Тщательно, без шума, прикрыв дверь в спальню, в гостиную вышла Салли.
— Она уснула?
— Это не сон, а какая-то прострация. Ей нужно серьезно лечиться.
— Что будем делать?
— Завтра утром отправимся разыскивать ее семью. Безусловно, консьержка сможет дать нам какие-то сведения. Знаешь, Вилли, мне страшно за Люсьенн. Ты не находишь, что она уж слишком переживает случившееся? Не зная еще главного. Она создана для счастья… Есть люди, которым не к лицу горе.
— Ты права. Но скажи мне, дорогая, ведь ты говорила, что у тебя есть новая гипотеза?
— Да. Я убеждена, Вилли, что кто-то узнал о смерти Массэ…
Она говорила шепотом, чтобы ее не было слышно в спальне.
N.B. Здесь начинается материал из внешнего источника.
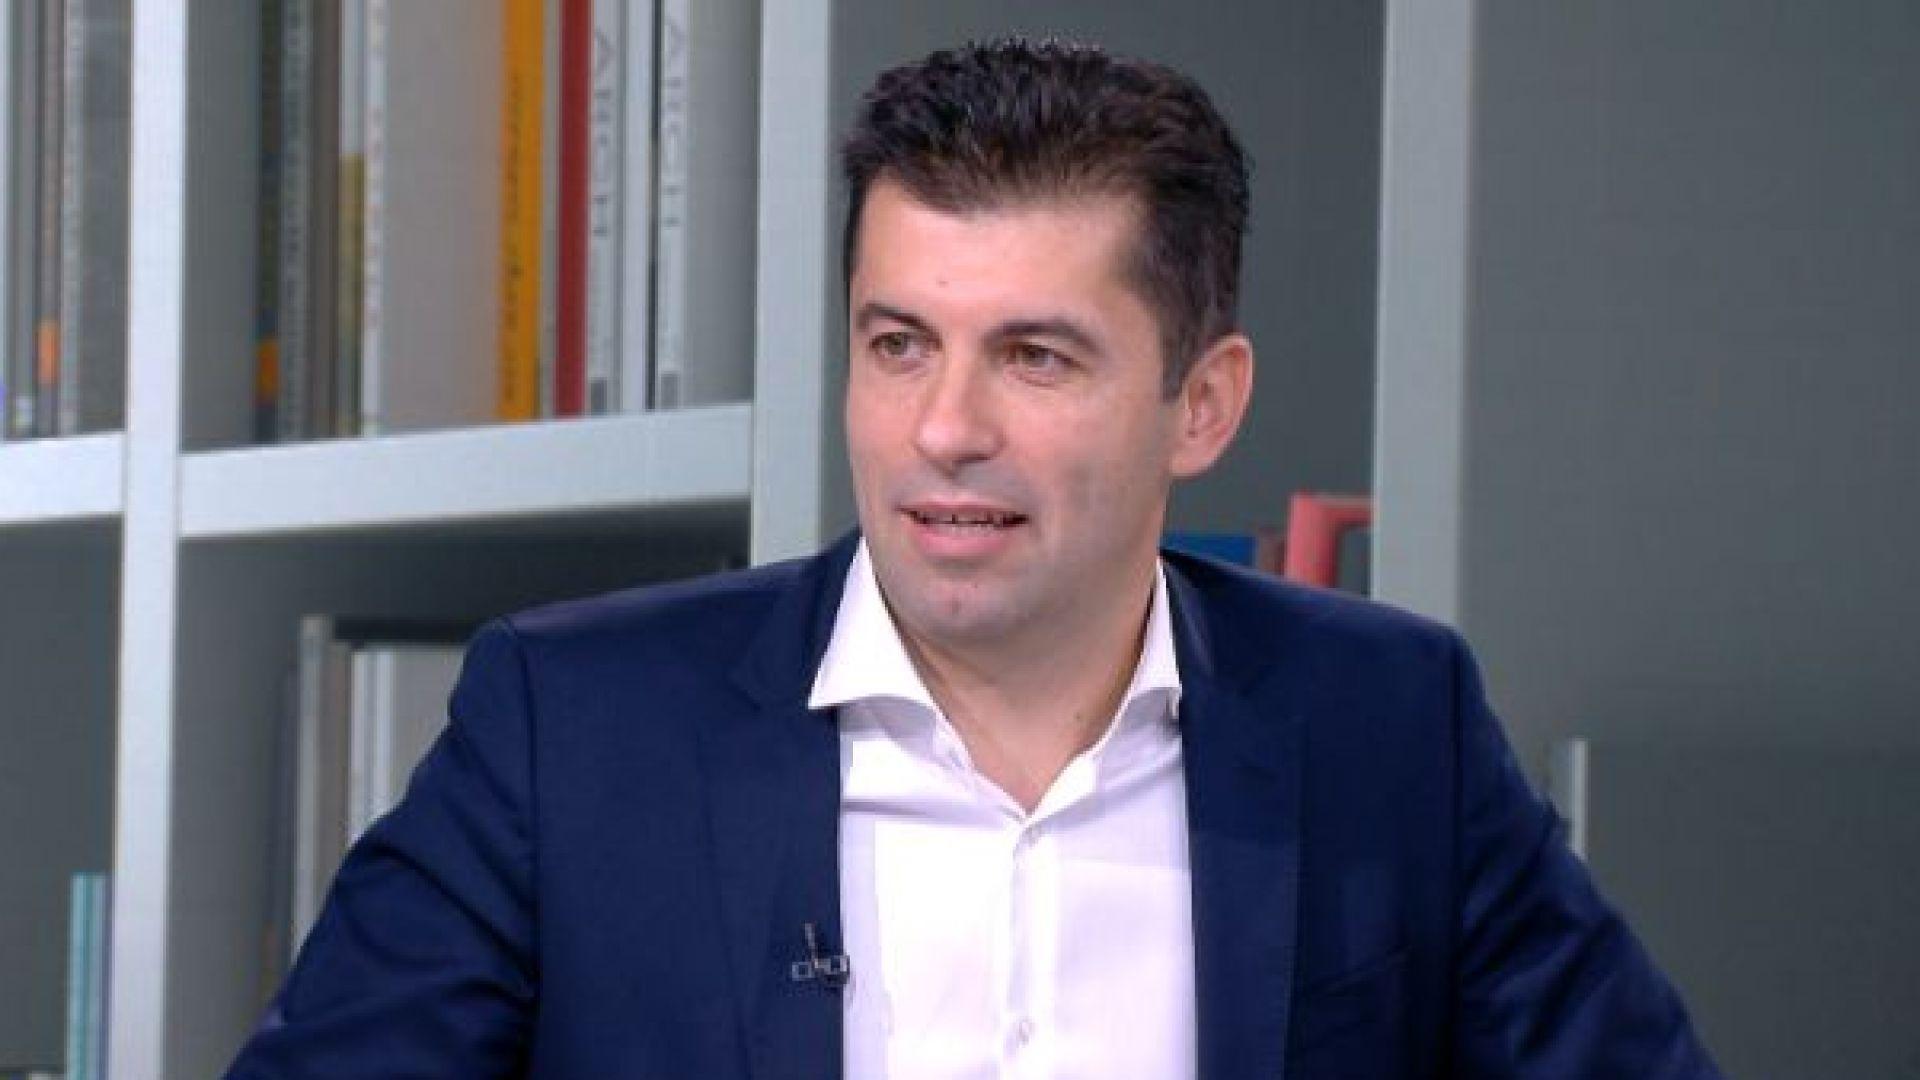 Кирил Петков е представил в КС документа, удостоверяващ, че не е канадски гражданин

— И этот кто-то, по неизвестным нам причинам, не хочет, чтобы Люсьенн Массэ узнала о смерти своего мужа сегодня вечером…
— Так, любовь моя. И что дальше?
— Не «дальше». Правильнее сказать «перед этим». Сейчас ты все поймешь. Главное, что нас интересует, кто мог узнать о смерти Массэ, и, особенно, как он узнал.
— Действительно.
— Раньше мы считали, что единственная возможность узнать об этом — телефонный звонок из полиции. Но эта гипотеза меня не очень удовлетворяет.
— Ты приберегаешь главный козырь, Салли. Хочешь, чтобы я умер от любопытства?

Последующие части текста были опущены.